Por Ainhoa Verdugo

En Un lugar olvidado por dios que sigue bailando y riendo, Mariana Mendoza —beneficiaria del PECDA Campeche— se entrega sin reservas como autora, directora y protagonista de una pieza que es tanto testimonio como grito de resistencia. Lo que presenciamos el pasado 29 de marzo en El Claustro fue una muestra en proceso, pero ya poderosa en su forma y contenido, de cara a su inminente estreno completo el 8 de junio de 2025.

La obra, de 50 minutos de duración, se articula como una travesía íntima: una búsqueda personal que se enreda, inevitablemente, con el entorno social y ecológico de la península de Yucatán. Mendoza no sólo narra su vida —o fragmentos de ella—, sino que se erige como canal de una denuncia contundente sobre la devastación ambiental que acecha al sur del país. La memoria individual se funde con la memoria del territorio, y el escenario se vuelve un eco de ambas.
La puesta en escena apuesta por lo esencial: una escenografía sencilla, útil, que nunca compite con la palabra sino que la sostiene. Las proyecciones audiovisuales son un acierto: imágenes y datos duros sobre la masacre ecológica nos golpean sin ambages, mientras la voz de Mendoza guía la reflexión. En este juego visual-sonoro, la música y los efectos cumplen una función más que decorativa: marcan las transiciones, intensifican atmósferas y permiten que el espectador se hunda de lleno en la narrativa emocional y política.
El trabajo actoral es limpio, honesto, con momentos de gran vulnerabilidad física y emocional. Una escena en particular, donde la intérprete permanece sumergida en una tina con agua por un periodo prolongado, es tan simbólica como conmovedora: cuerpo y naturaleza, sumisión y resistencia. Aun tratándose de una función en proceso, la entrega escénica fue total.

Al salir del teatro, una sensación de desasosiego persiste. La obra remueve, sacude, incomoda —como debe hacerlo el buen arte. Para quienes cargamos una sensibilidad especial hacia el medio ambiente, es imposible no sentirse interpelados. Pero también hay espacio para la gratitud, para la contemplación de lo vivido y lo que aún podemos preservar. La pieza invita a mirar dentro, pero también a mirar hacia afuera y preguntarse: ¿qué estamos haciendo? ¿Qué podemos hacer?

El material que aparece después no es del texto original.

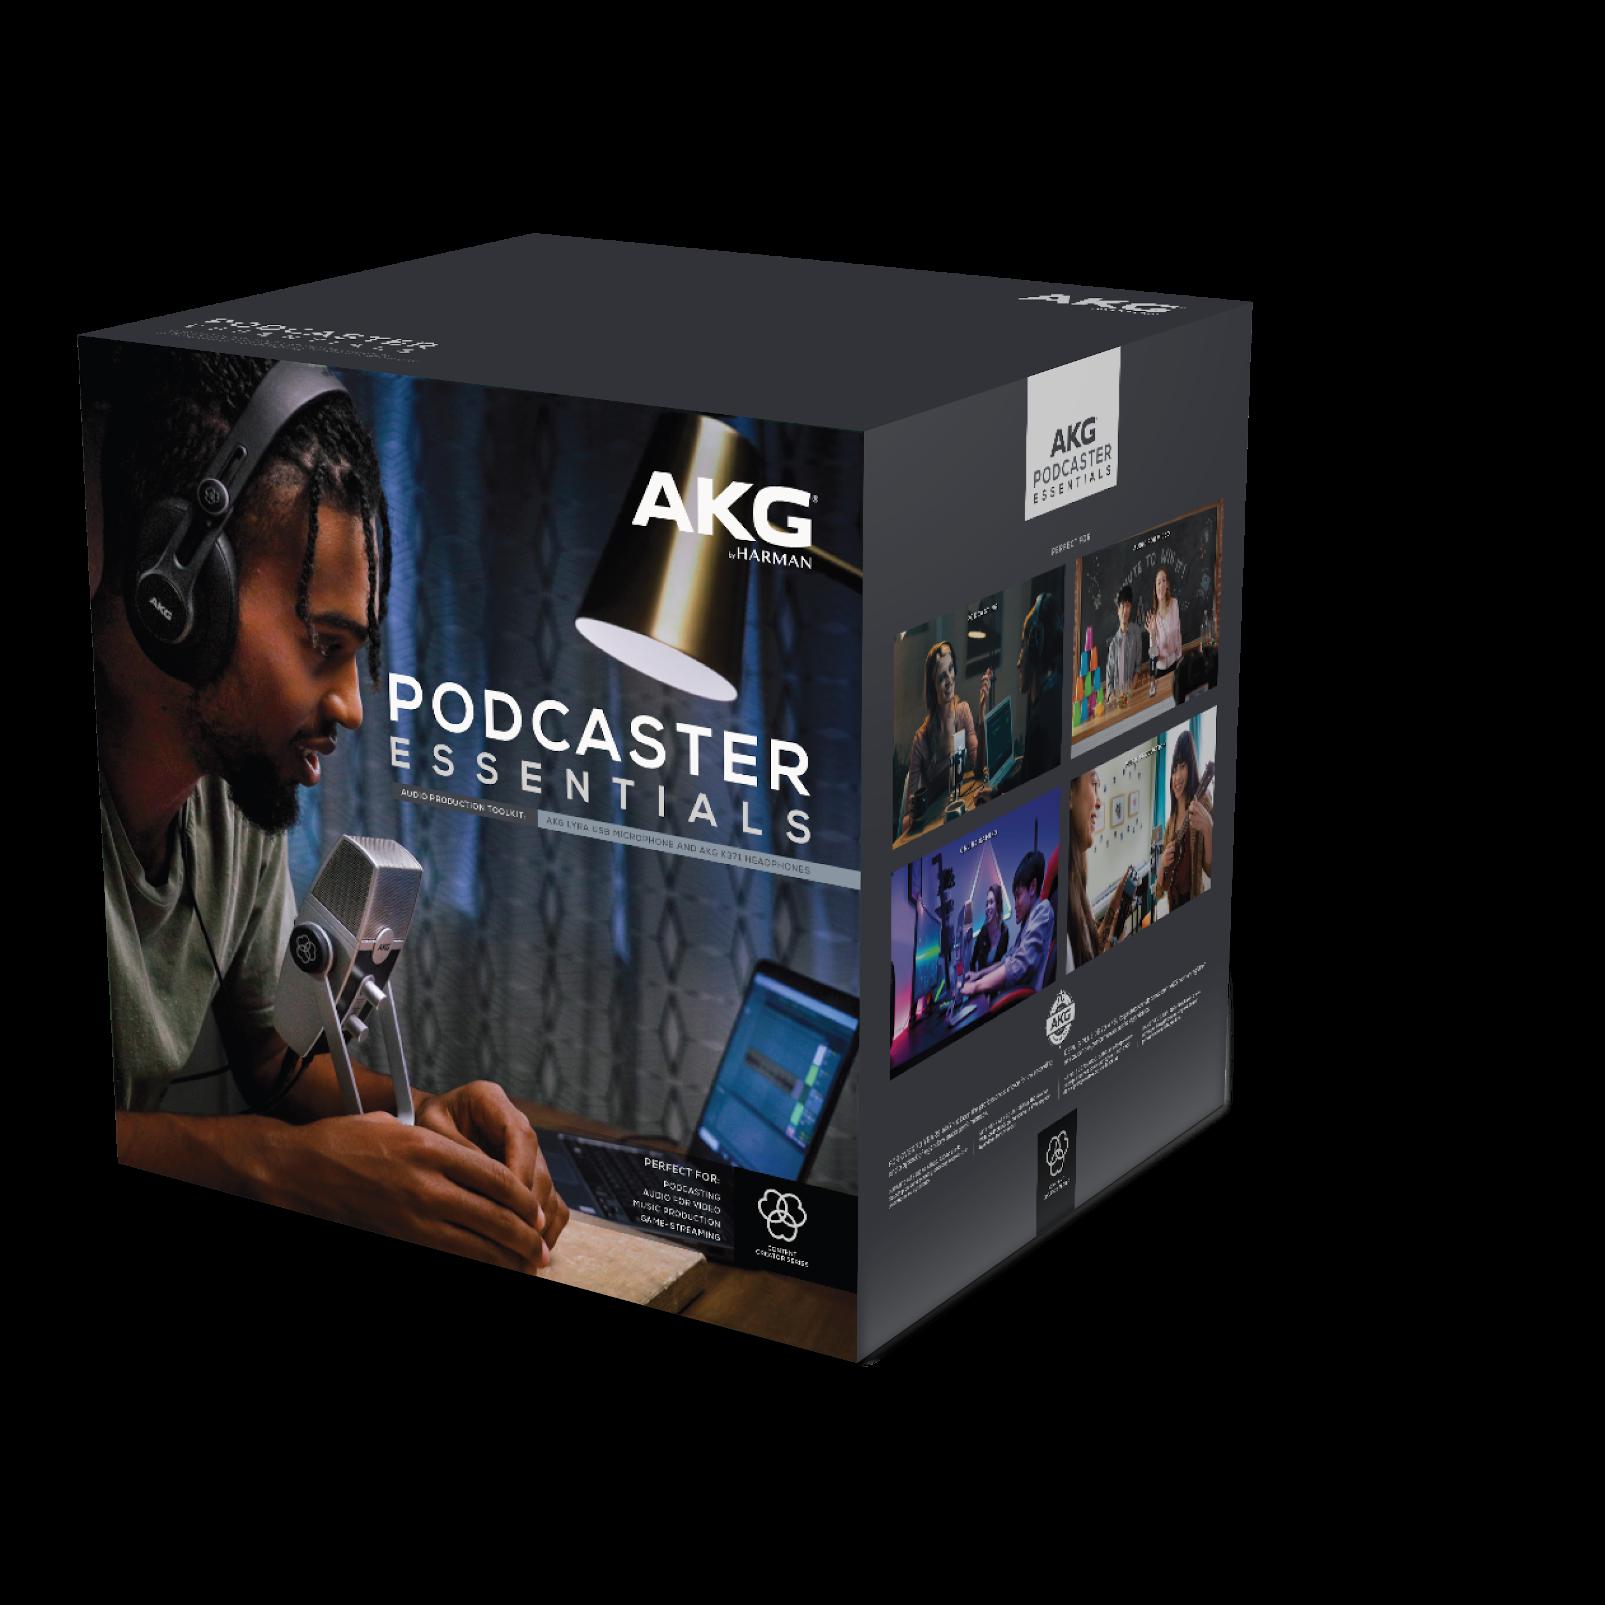 AKG Podcaster Essentials - Black / Gray - Audio Production Toolkit: AKG Lyra USB Microphone and AKG K371 Headphones - Detailshot 1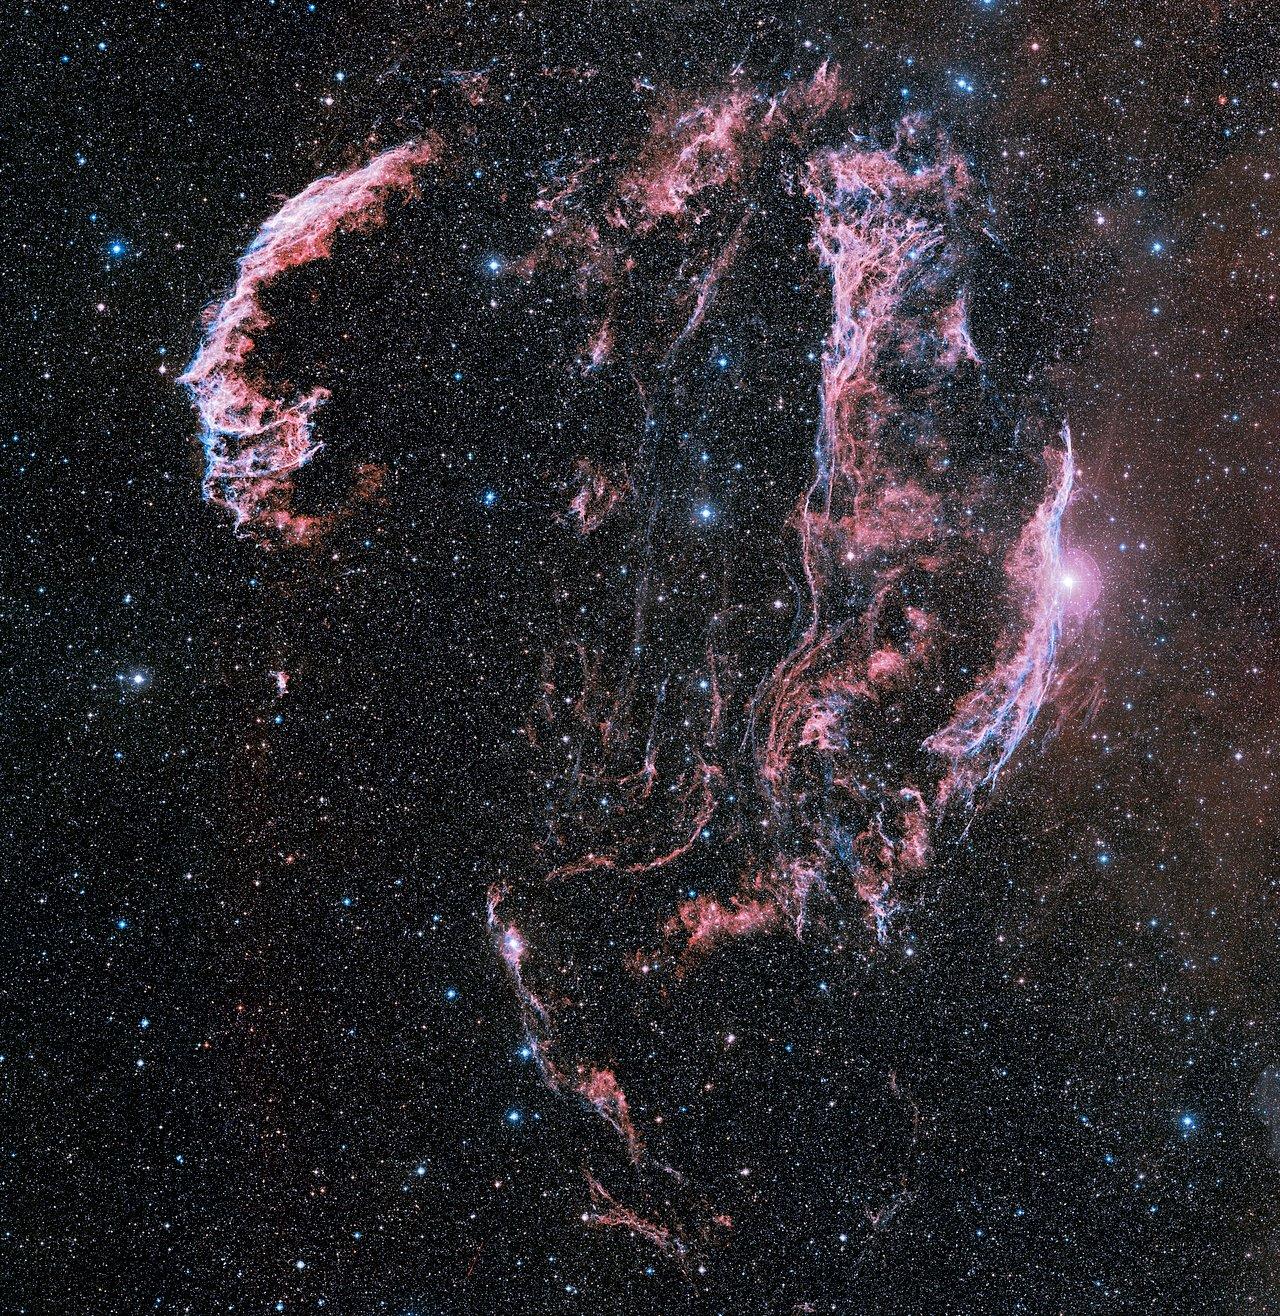 Wide-field ground-based astrophoto of the Veil Nebula

Un lugar olvidado por dios que sigue bailando y riendo no es sólo recomendable: es urgente. Es una obra que debe ser vista por adolescentes y adultos, especialmente por quienes deseen enfrentarse a una narrativa que combina poesía escénica con activismo. Tal vez no sea para todos —las infancias podrían no encontrar aquí su ritmo—, pero sí para todos los que aún creen que el arte puede cambiar algo, aunque sea un poco.
Y aún tendrás tiempo de verla este 13, 14 y 15 de junio en el teatro Juan de la Cabada a las 19hrs.